▶ **TASK INSTRUCTIONS**: Starting at the first line of the listing below, repeat each line exactly until the line containing "Portree, Scotland. Photo by George Hiles", which you include. Leave out pictures.

▶ **INPUT DATA**:
________

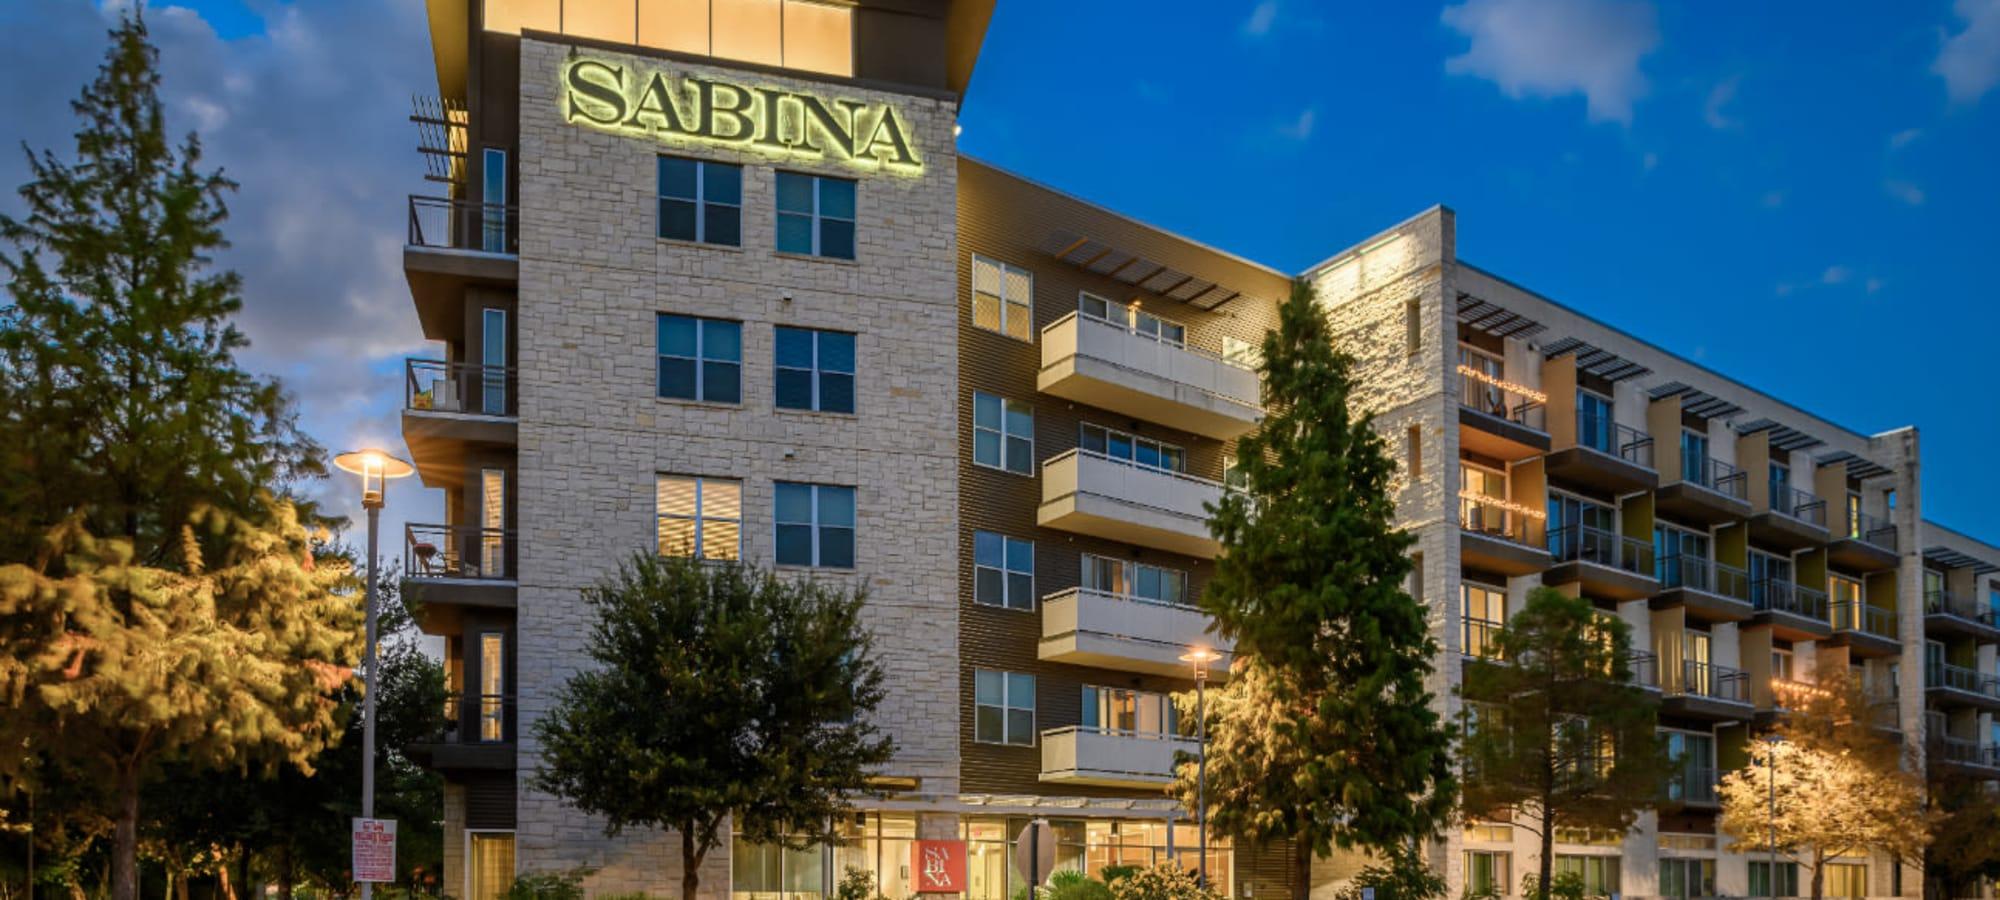 Exterior of Sabina in Austin, Texas
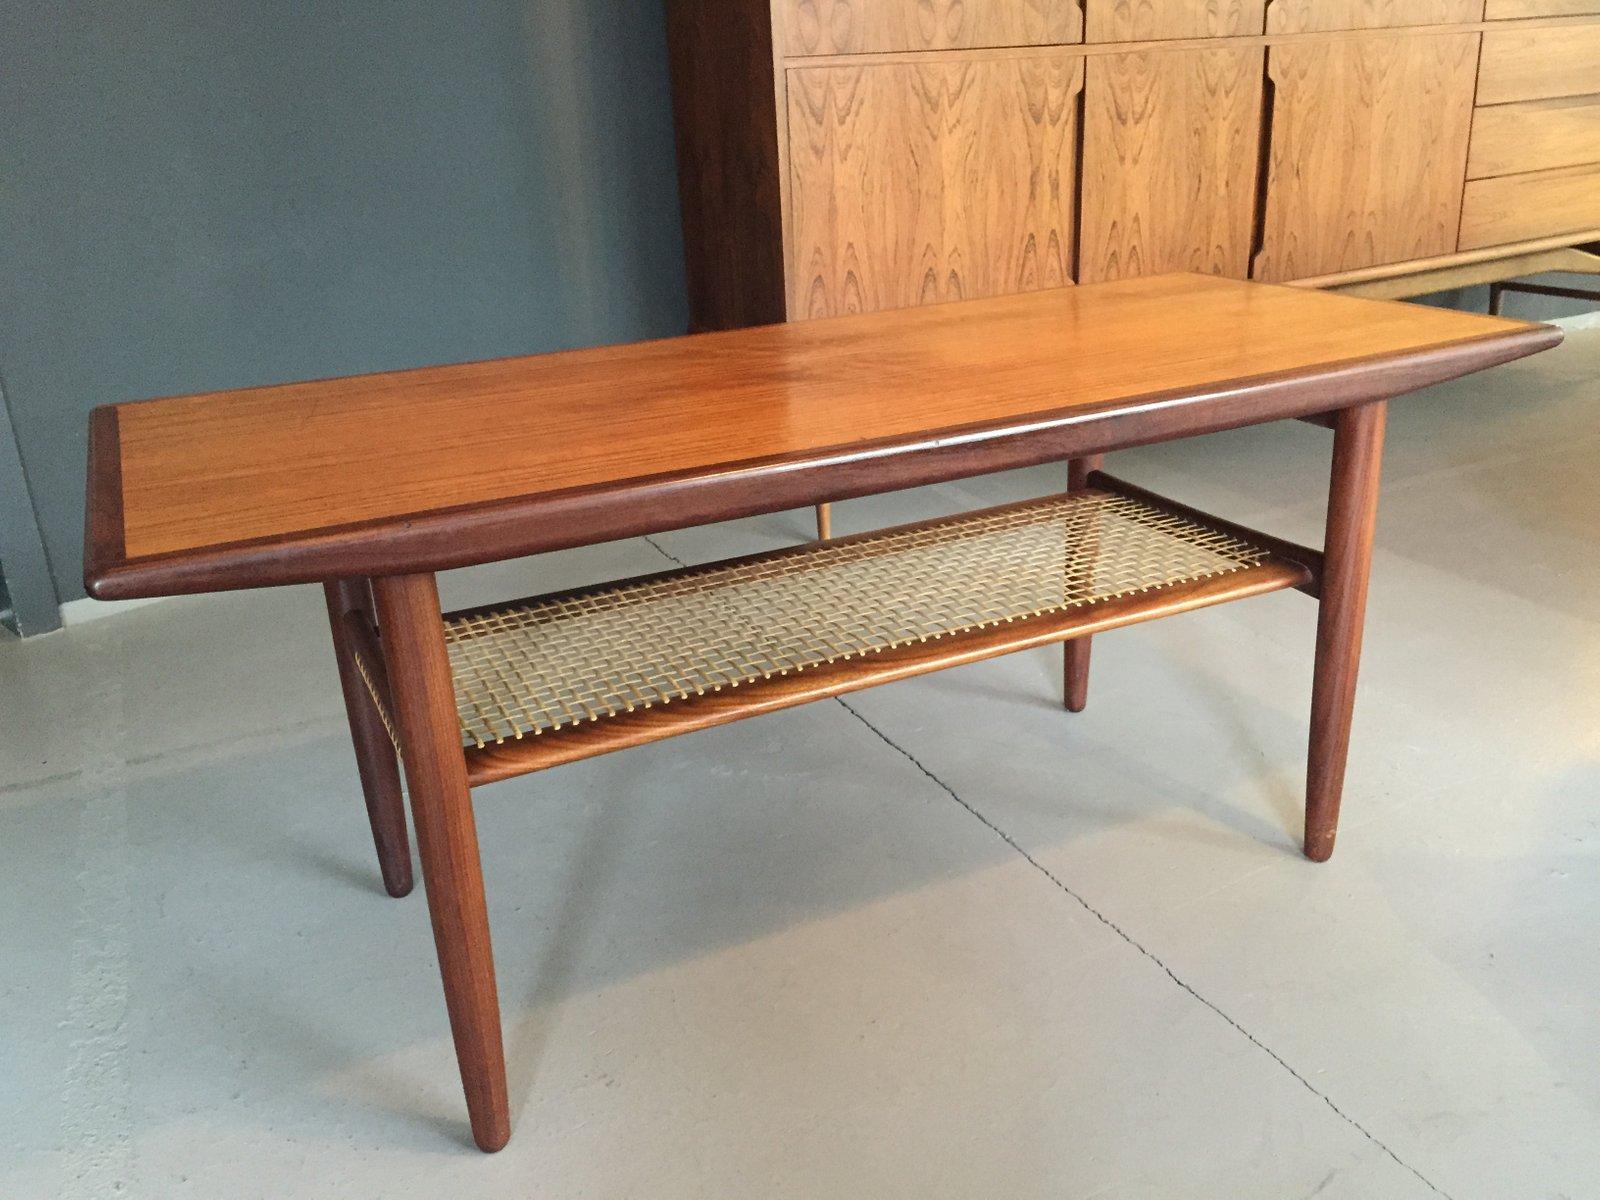 Danish teak coffee table from cf christensen as 1960 for sale danish teak coffee table from cf christensen as 1960 for sale at pamono geotapseo Images
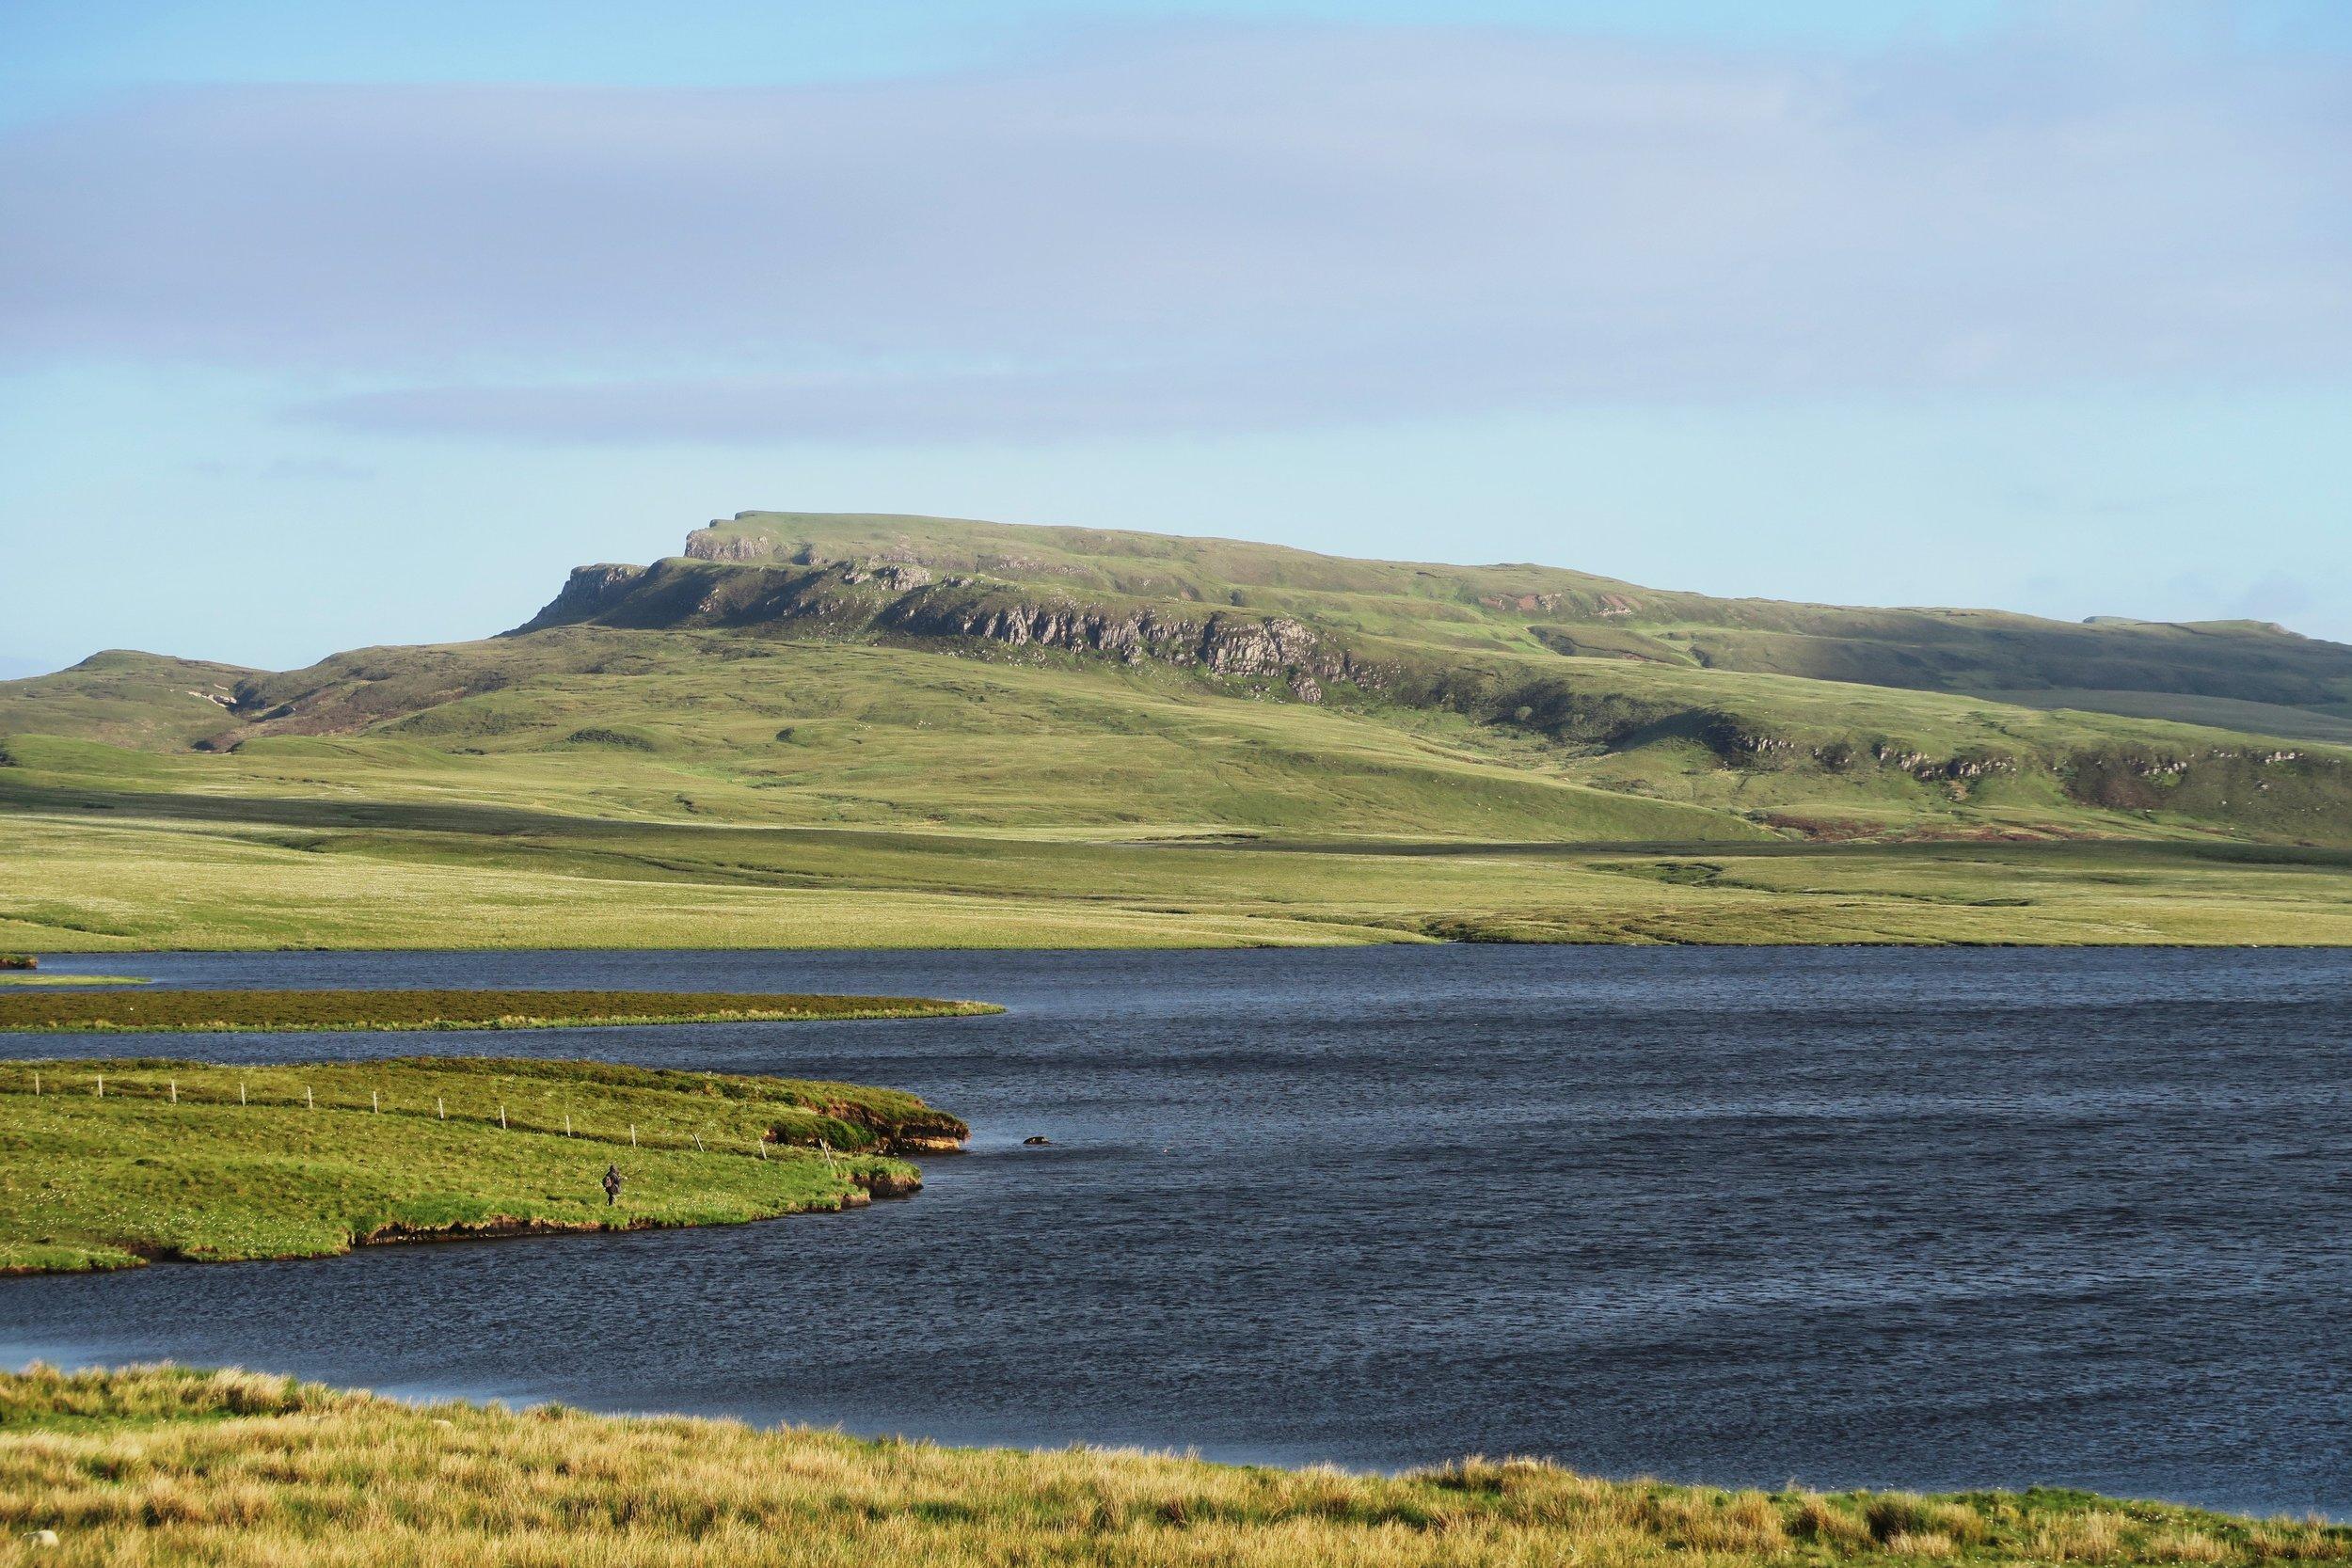 Portree, Scotland. Photo by George Hiles
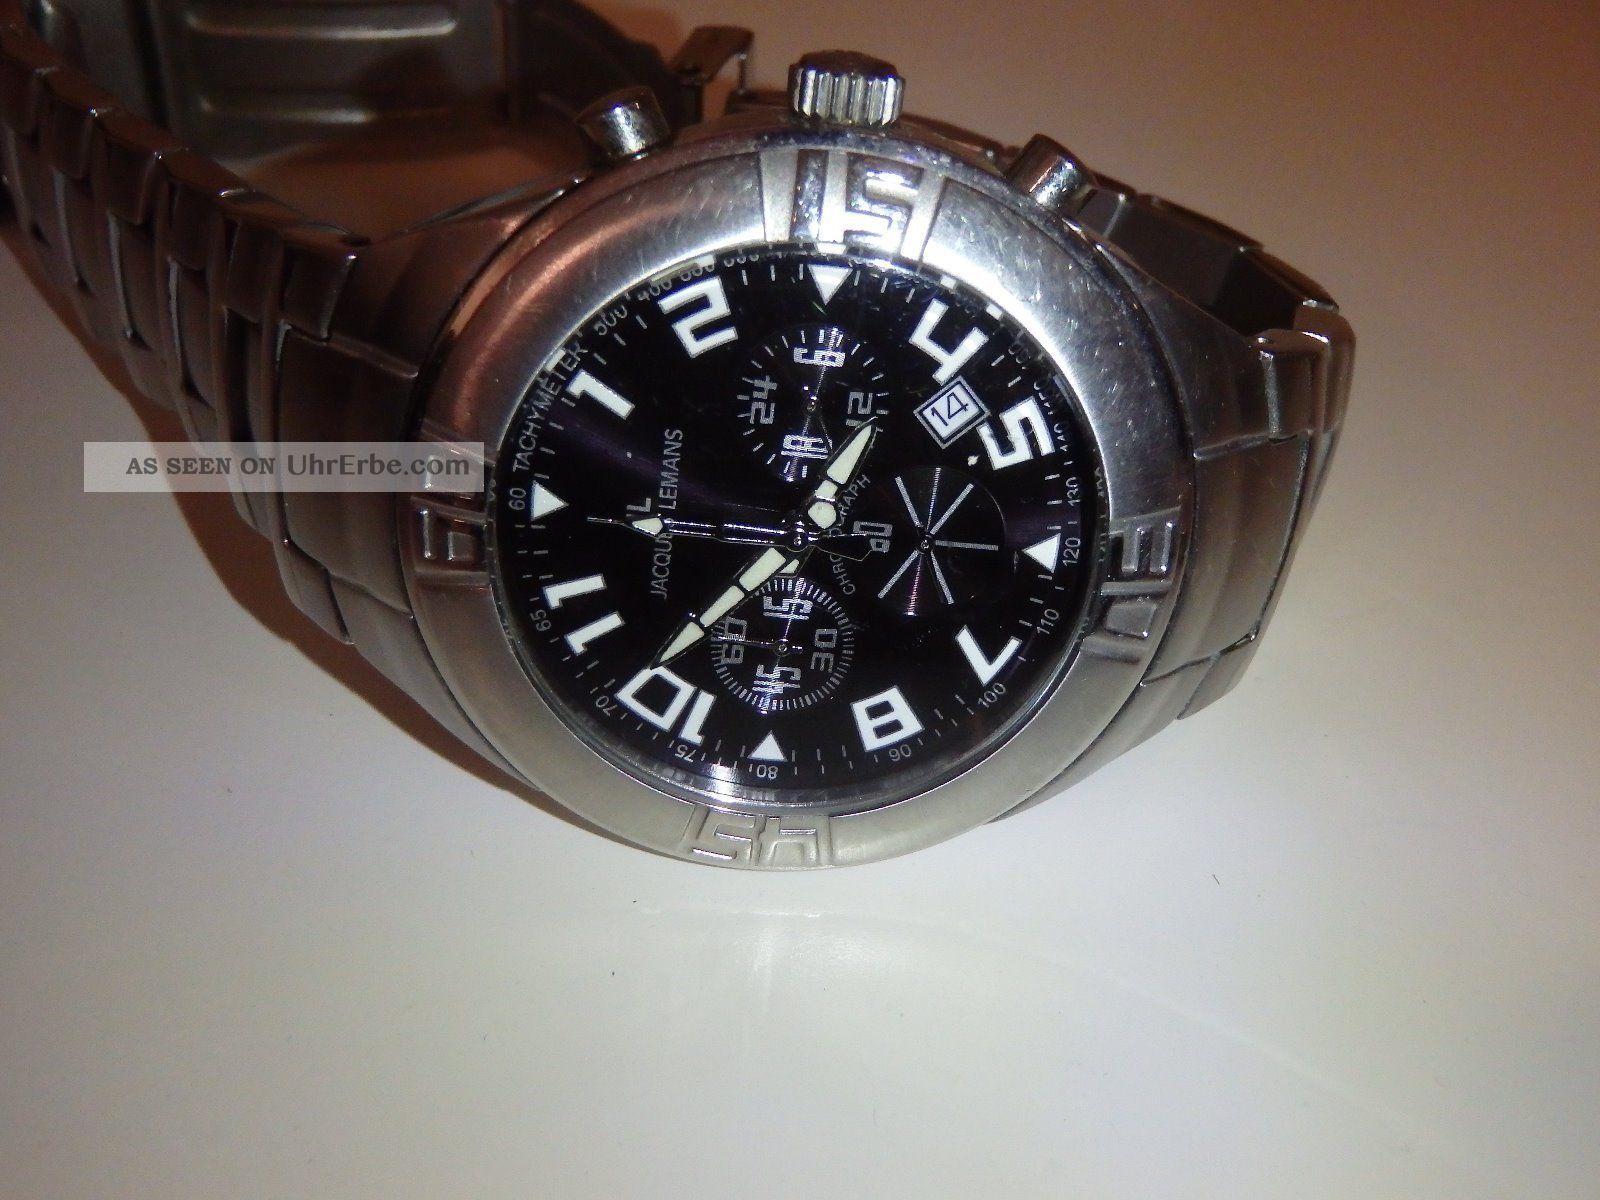 Jacques Lemans Chronograph - 1 - 1021 - Edelstahl - Schwarzes Zifferblatt Armbanduhren Bild

________

▶ **EXERCISE RESULT**:
 Exterior of Sabina in Austin, Texas
 Danish teak coffee table from cf christensen as 1960 for sale danish teak coffee table from cf christensen as 1960 for sale at pamono geotapseo Images
 Portree, Scotland. Photo by George Hiles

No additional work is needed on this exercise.